● **TASK OBJECTIVE**
Your task is to transcribe, word for word, the line containing "Safari_プライベイトブラウズ_2" and all lines that follow it to the end of the entries. Leave out the pictures.

● **AVAILABLE RECORDS**
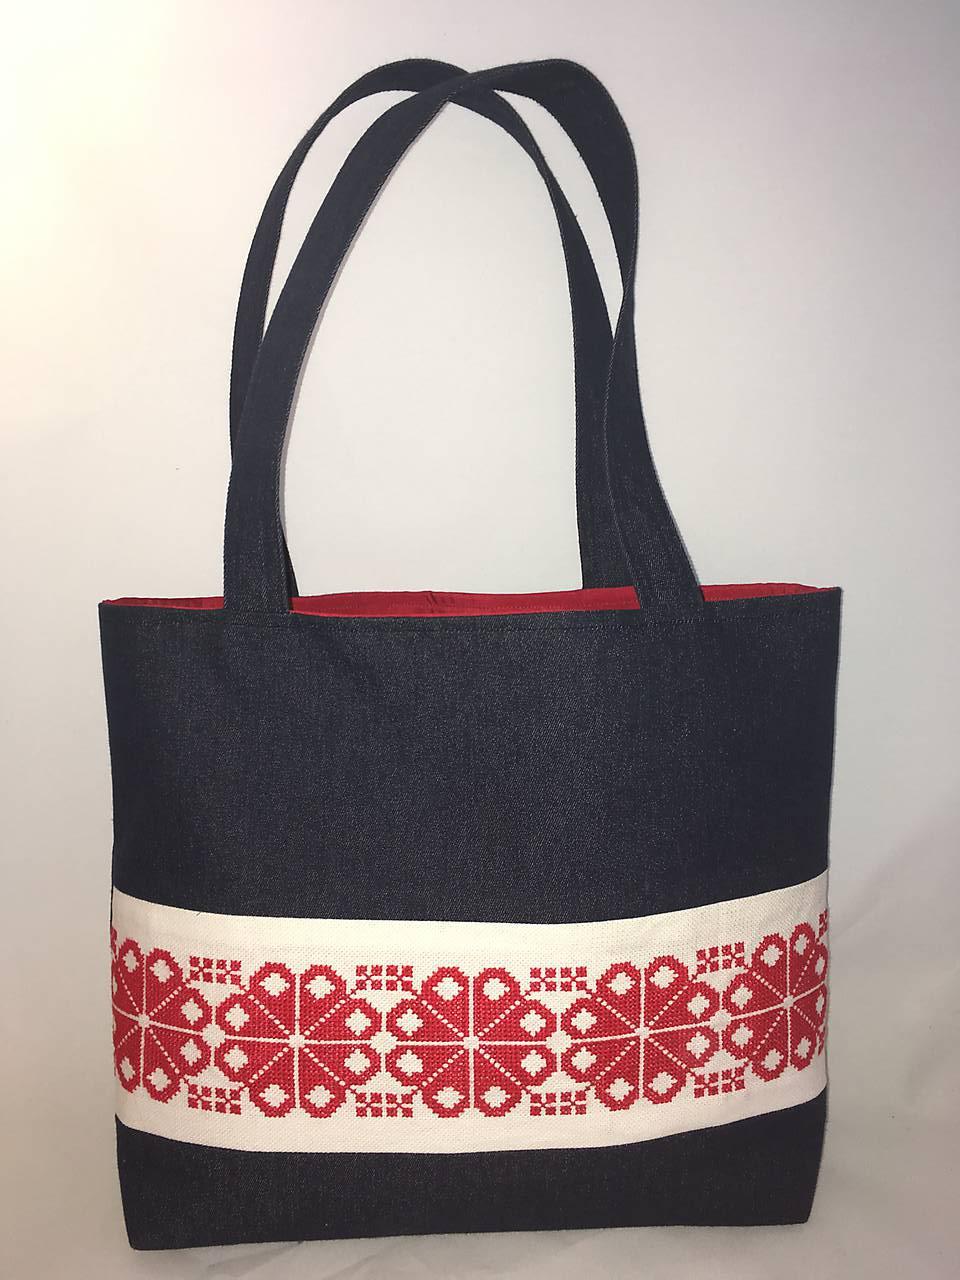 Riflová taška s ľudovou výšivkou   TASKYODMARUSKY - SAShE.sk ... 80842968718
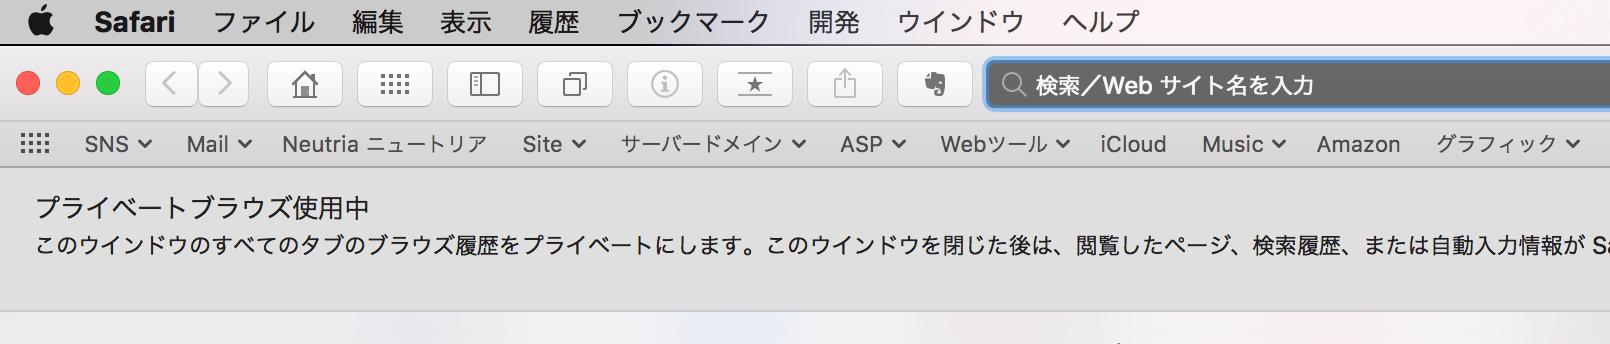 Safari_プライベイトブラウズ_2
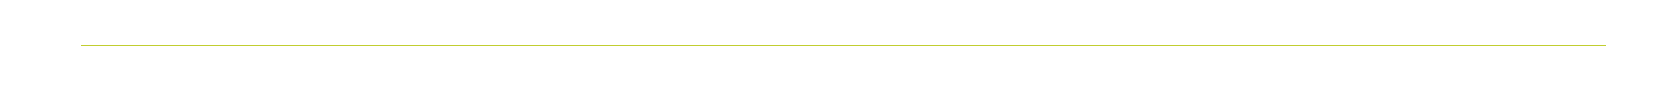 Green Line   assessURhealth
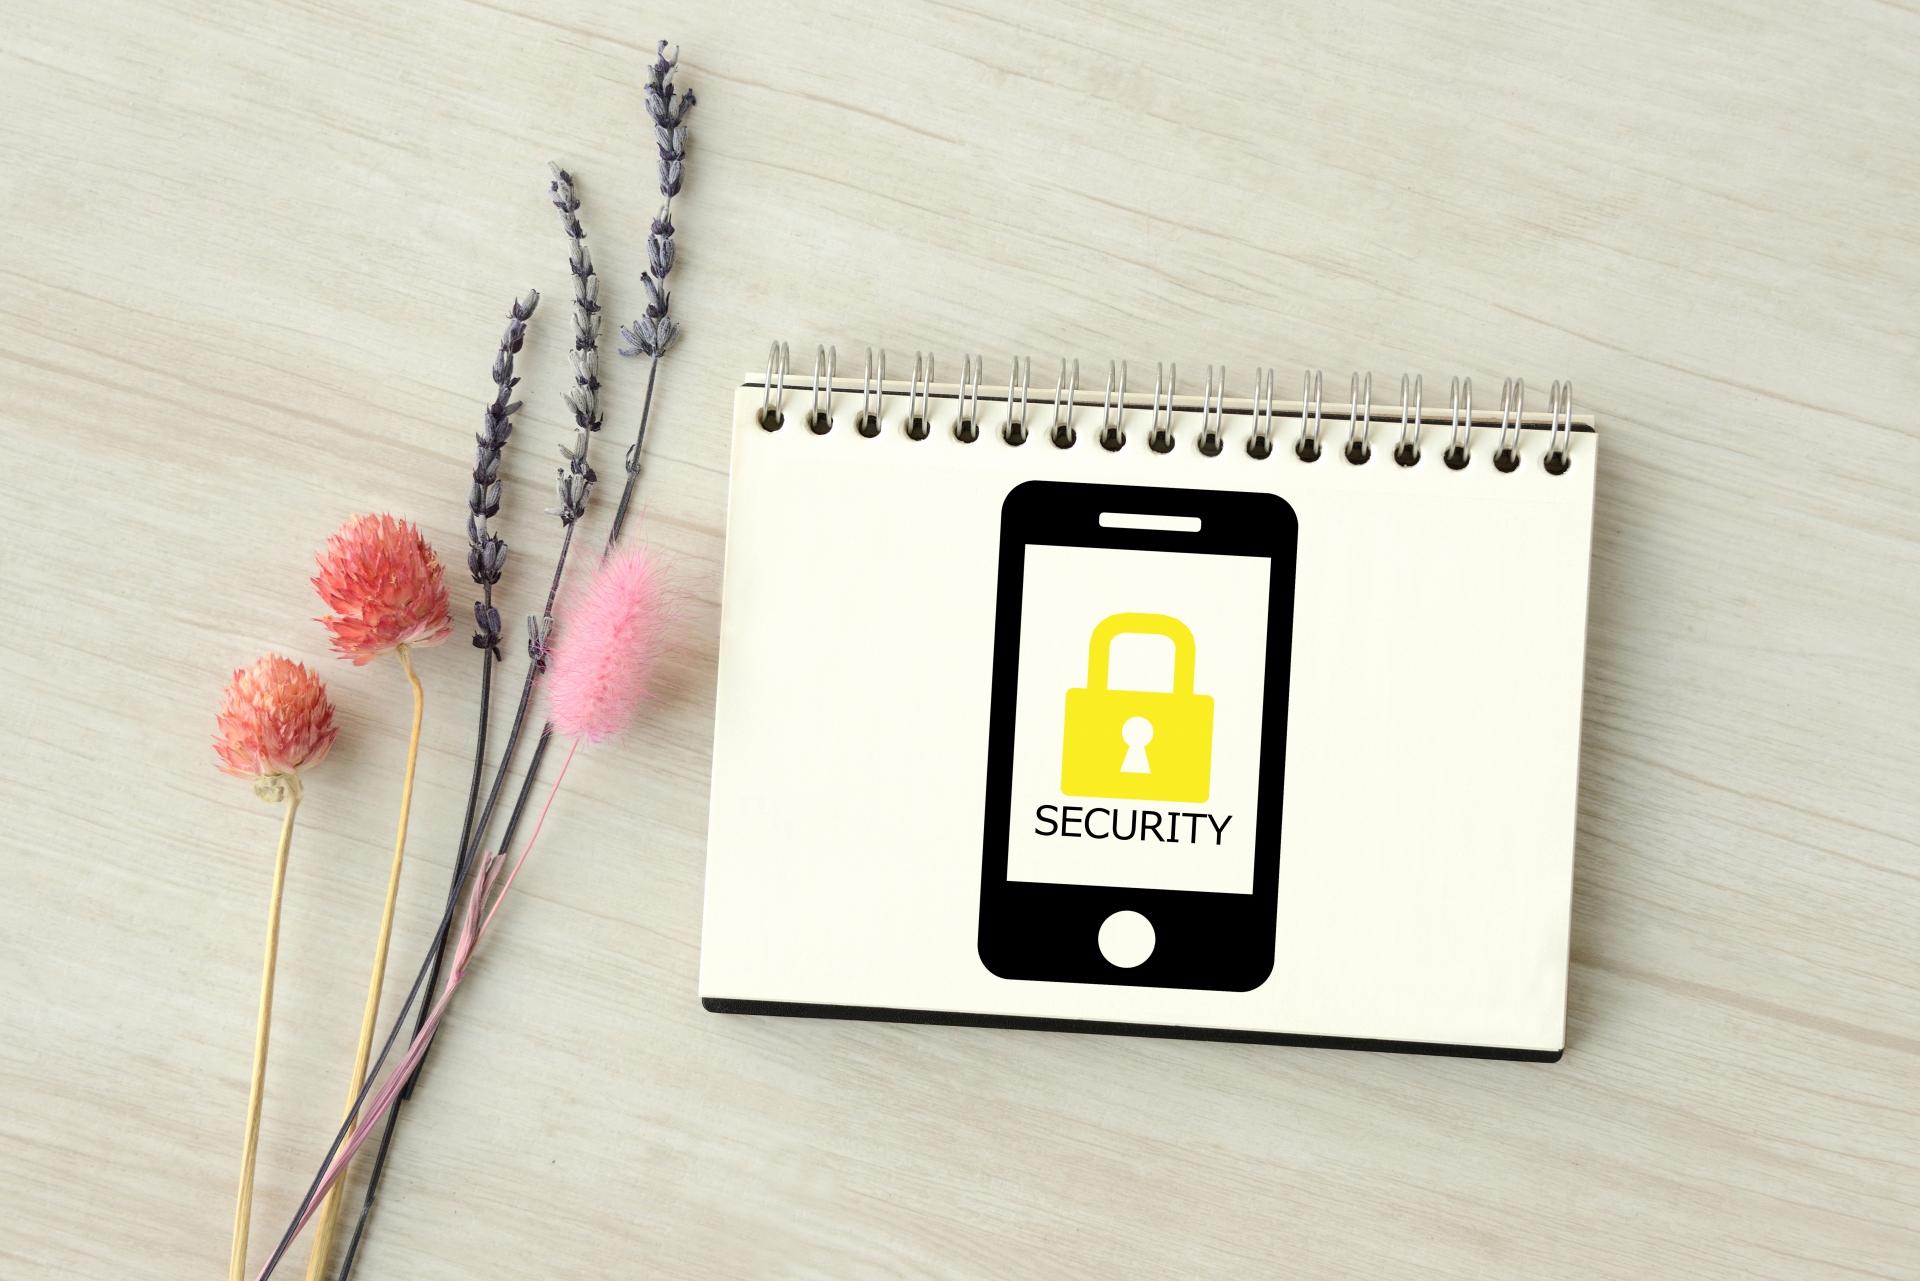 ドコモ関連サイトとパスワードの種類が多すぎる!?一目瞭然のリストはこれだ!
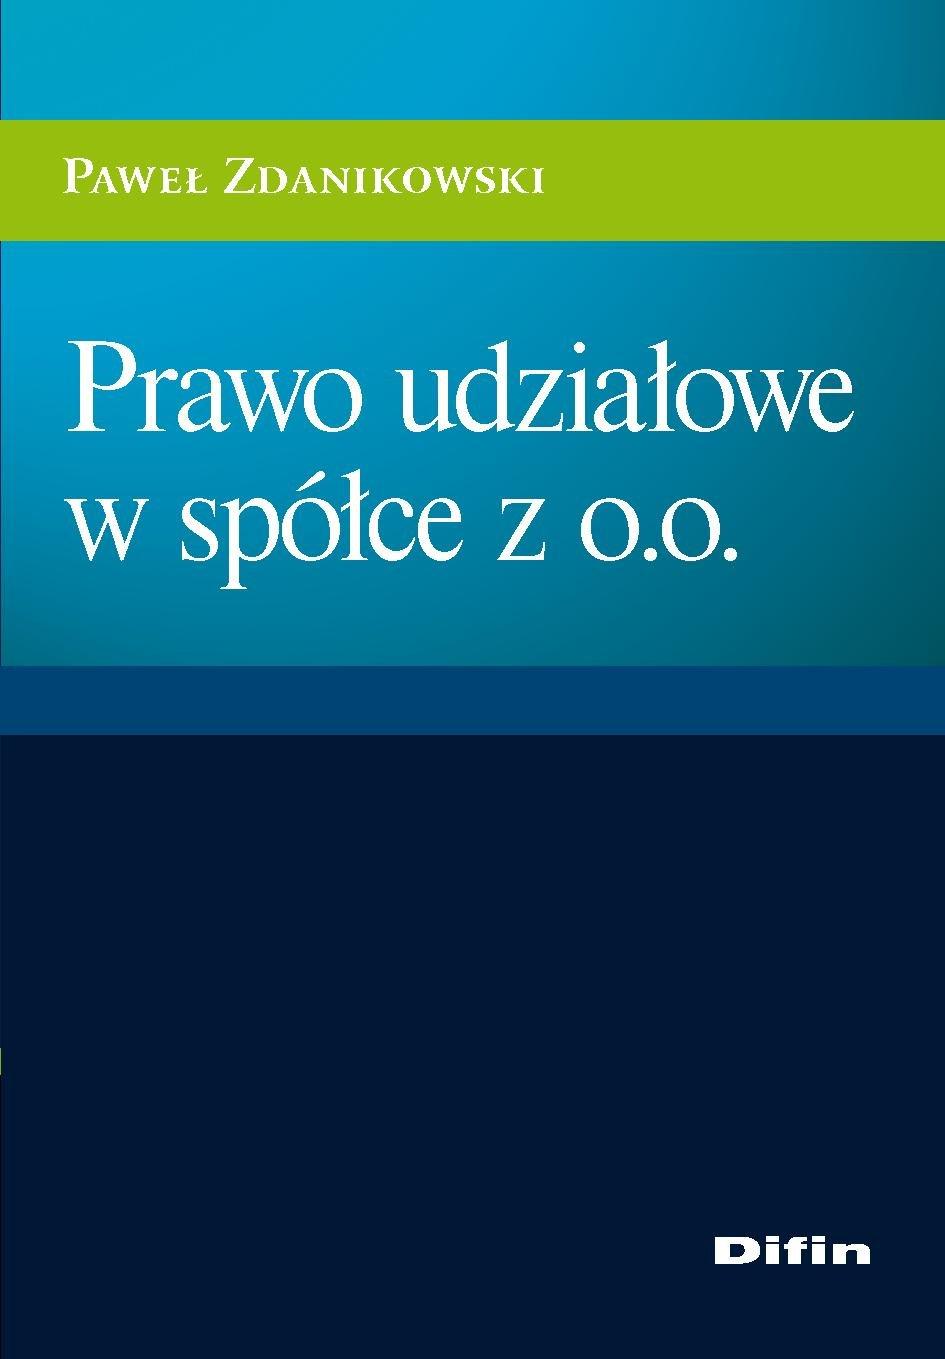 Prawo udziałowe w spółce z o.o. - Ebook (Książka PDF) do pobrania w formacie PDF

● **ANSWER SPACE**
 Safari_プライベイトブラウズ_2
 Green Line   assessURhealth
 ドコモ関連サイトとパスワードの種類が多すぎる!?一目瞭然のリストはこれだ!
 Prawo udziałowe w spółce z o.o. - Ebook (Książka PDF) do pobrania w formacie PDF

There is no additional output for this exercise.